Corruption : et si on recentrait l’État sur ses missions régaliennes ?
Dix ans après l’adoption de la loi Sapin II censée moraliser la vie publique, la France continue de reculer dans le classement mondial de la perception de la corruption. Elle se situe désormais à la 27e place sur 182 dans l’indice de perception 2025 (IPC) de l’ONG Transparency International France (cet indice évalue non pas la corruption réelle, mais sa perception par des experts et des dirigeants économiques). La régression de l’Hexagone s’observe pour la quatrième année consécutive, de 72 points sur 100 en 2022 à 66 points en 2025 (plus le nombre est proche de 0, plus de pays est perçu comme corrompu).
La corruption dans la culture politique française reste «un sujet de préoccupation », estime l’ONG – en témoignent la condamnation de Nicolas Sarkozy pour le financement illégal de sa campagne électorale et l’affaire du détournement de fonds européens qui vise le Rassemblement national. Transparency International regrette un manque de volontarisme politique : des ministres ont, par exemple, été maintenus en fonction alors qu’ils étaient mis en examen, ce qui montre un abandon de la « doctrine d’exemplarité » selon l’ONG.
Quant aux moyens dédiés à la répression et la prévention de la corruption, ils sont jugés insuffisants.
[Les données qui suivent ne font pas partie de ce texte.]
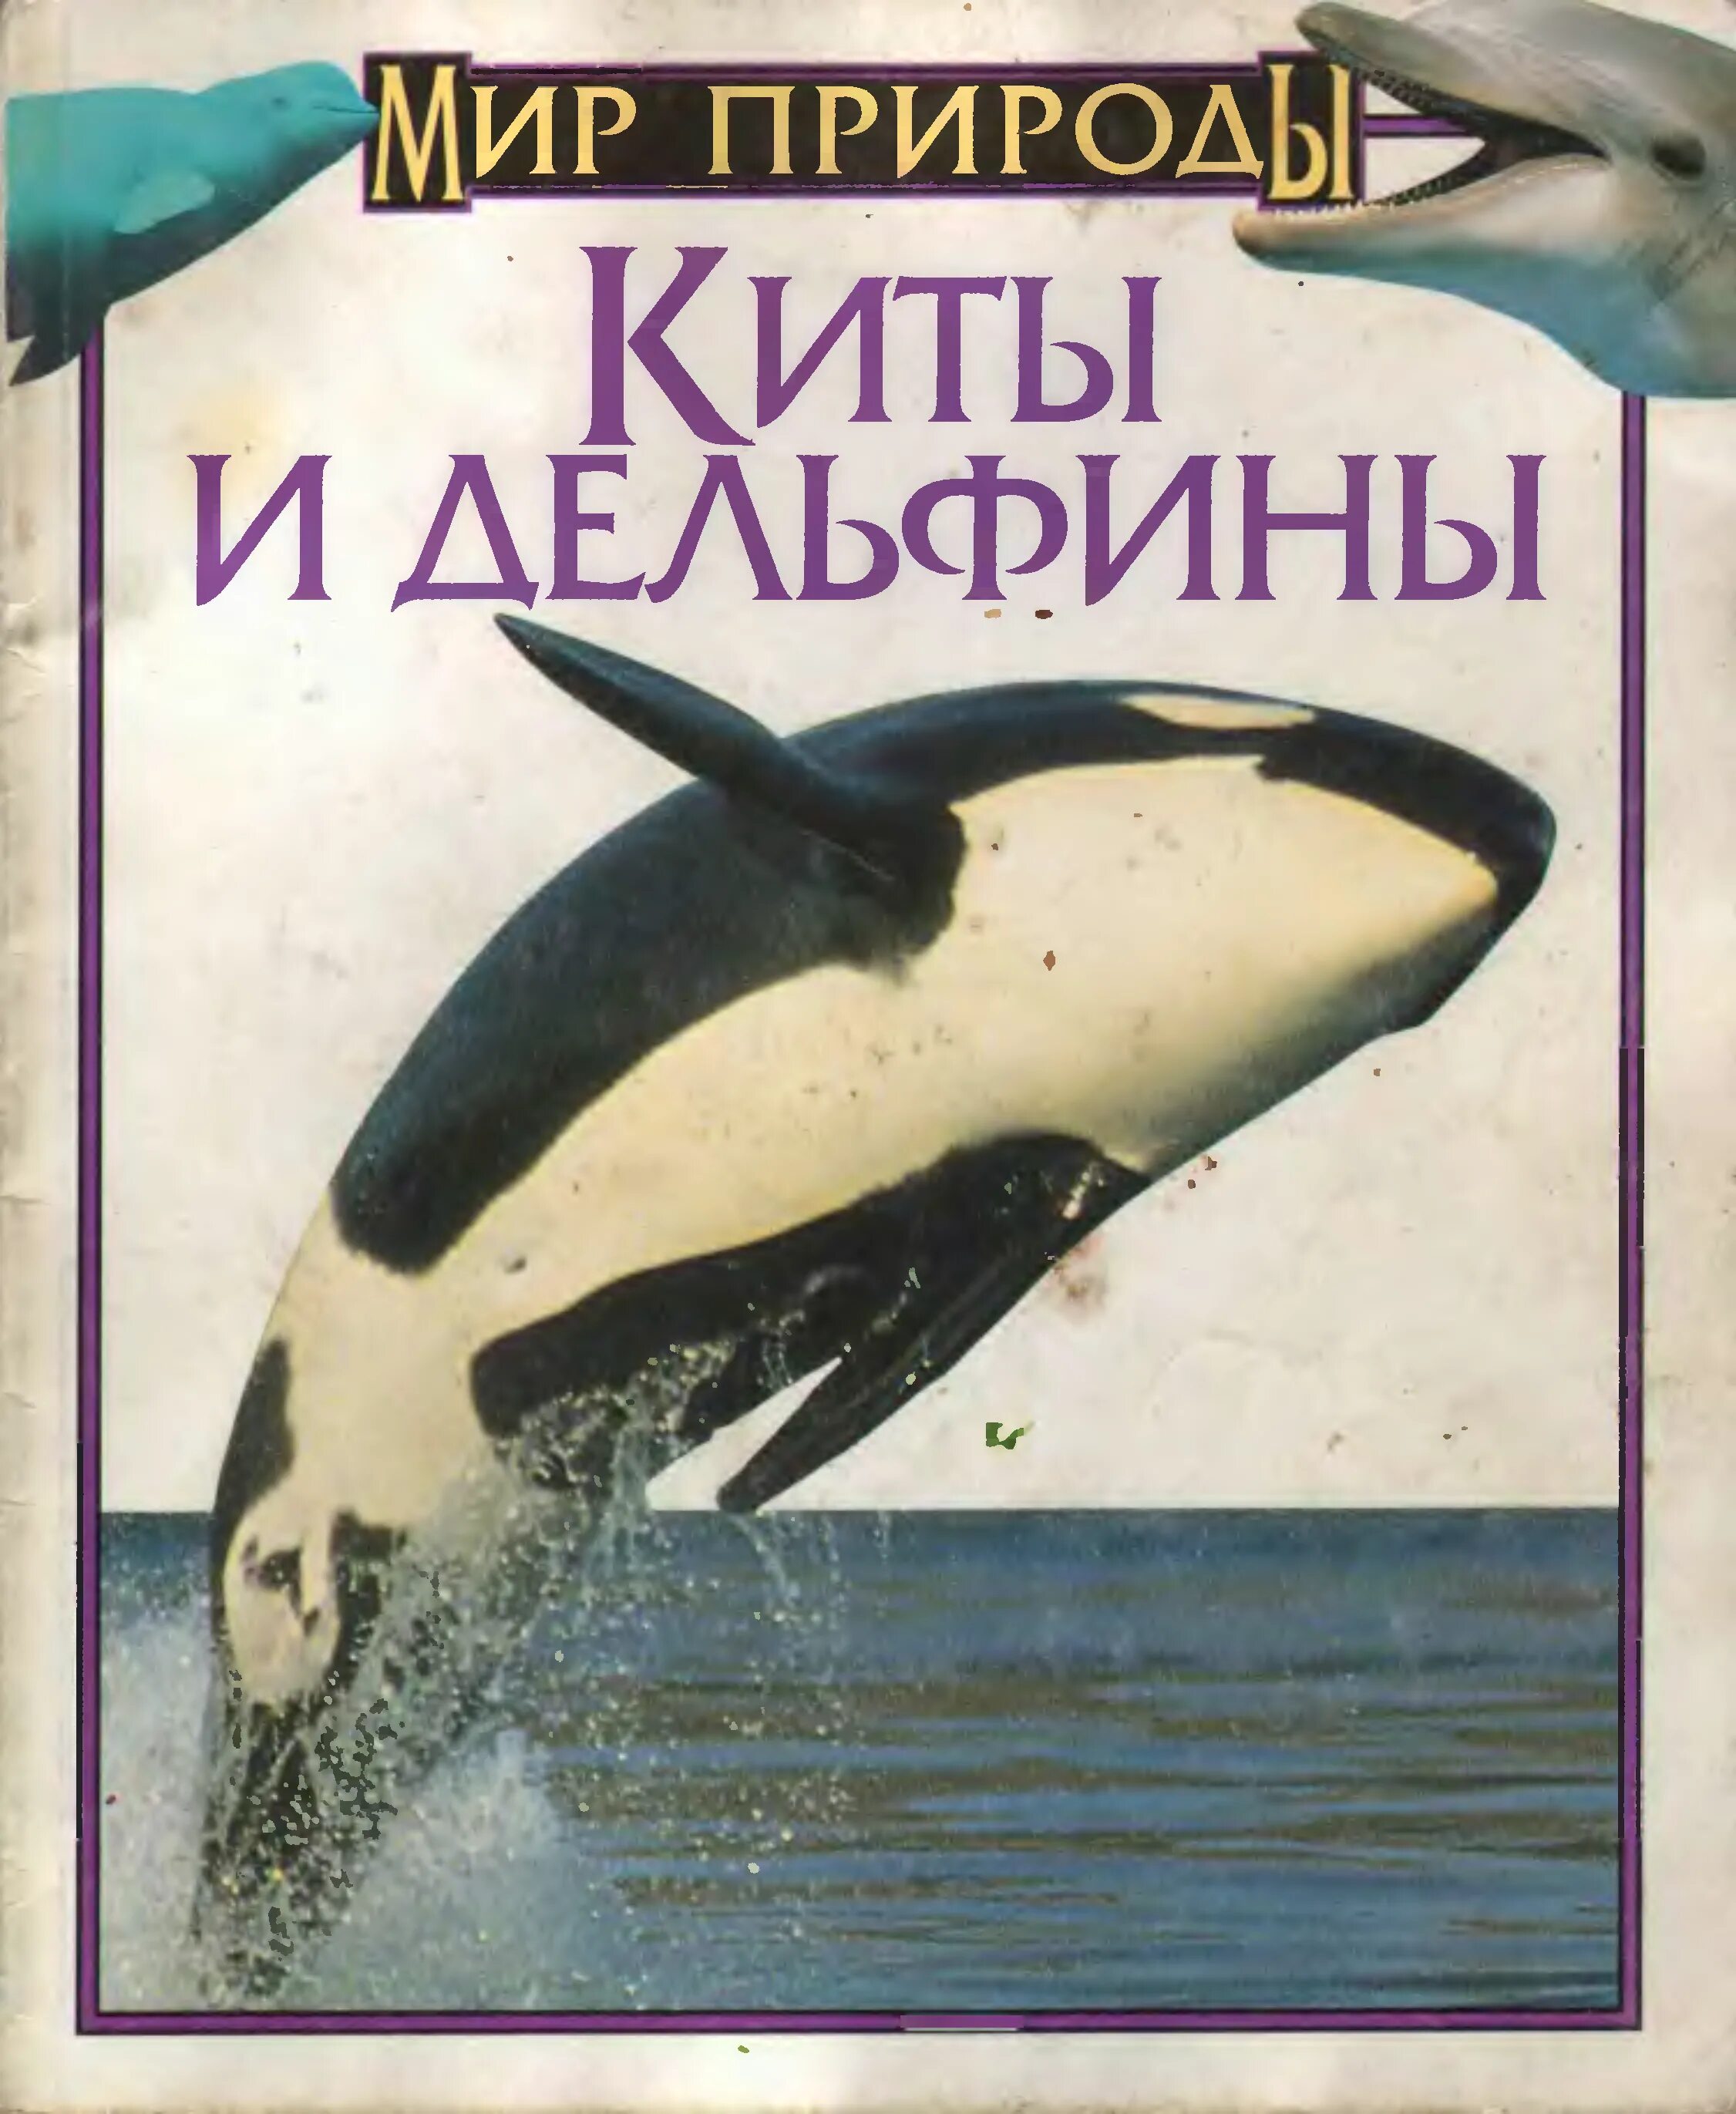 Книга про кита. Книга киты дельфины. Книги о китах и дельфинах для детей. Книга про китообразных.

Sur ce dernier point, Transparency International cite la Haute autorité pour la transparence de la vie publique (HATVP) : ses missions se sont élargies, mais elle n’a pas connu une hausse de ses effectifs « à due concurrence ». Résultat : les délais de publication des déclarations d’intérêts des députés et des membres du gouvernement ont considérablement augmenté dans les dernières législatures.
Plus généralement, l’ONG s’inquiète d’une érosion de l’architecture anticorruption, qui se caractérise par le relèvement des seuils de publicité des marchés publics, le « démantèlement du contrôle de la légalité », ou encore la redéfinition de la prise illégale d’intérêts. Elle a donc publié un plan alternatif de 19 mesures qui prévoit, entre autres, de renforcer les moyens des autorités de contrôle, d’imposer des plans « anticorruption » dans les collectivités de plus de 100 000 habitants, d’interdire la nomination de ministres mis en examen, de centraliser les données relatives aux marchés publics et aux aides publiques aux entreprises…
Se focaliser sur les moyens de contrôle revient toutefois à traiter les symptômes plutôt que les causes. La corruption prospère avant tout là où le pouvoir administratif distribue des avantages : statut protecteur, subventions, marchés publics, dérogations… Plus l’État intervient dans l’économie, plus il multiplie les points de contact entre des acteurs privés et des agents publics, et plus il augmente les risques de corruption. Ne serait-il donc pas pertinent de proposer également la baisse du nombre de fonctionnaires, la suppression des ministères inutiles, la suppression des subventions en tout genre, et de revenir à une conception stricte des missions régaliennes de l’État ? Dans un État omniprésent n’ayant pas particulièrement la culture de la transparence, ajouter des garde-fous peut être utile mais ne change rien aux incitations.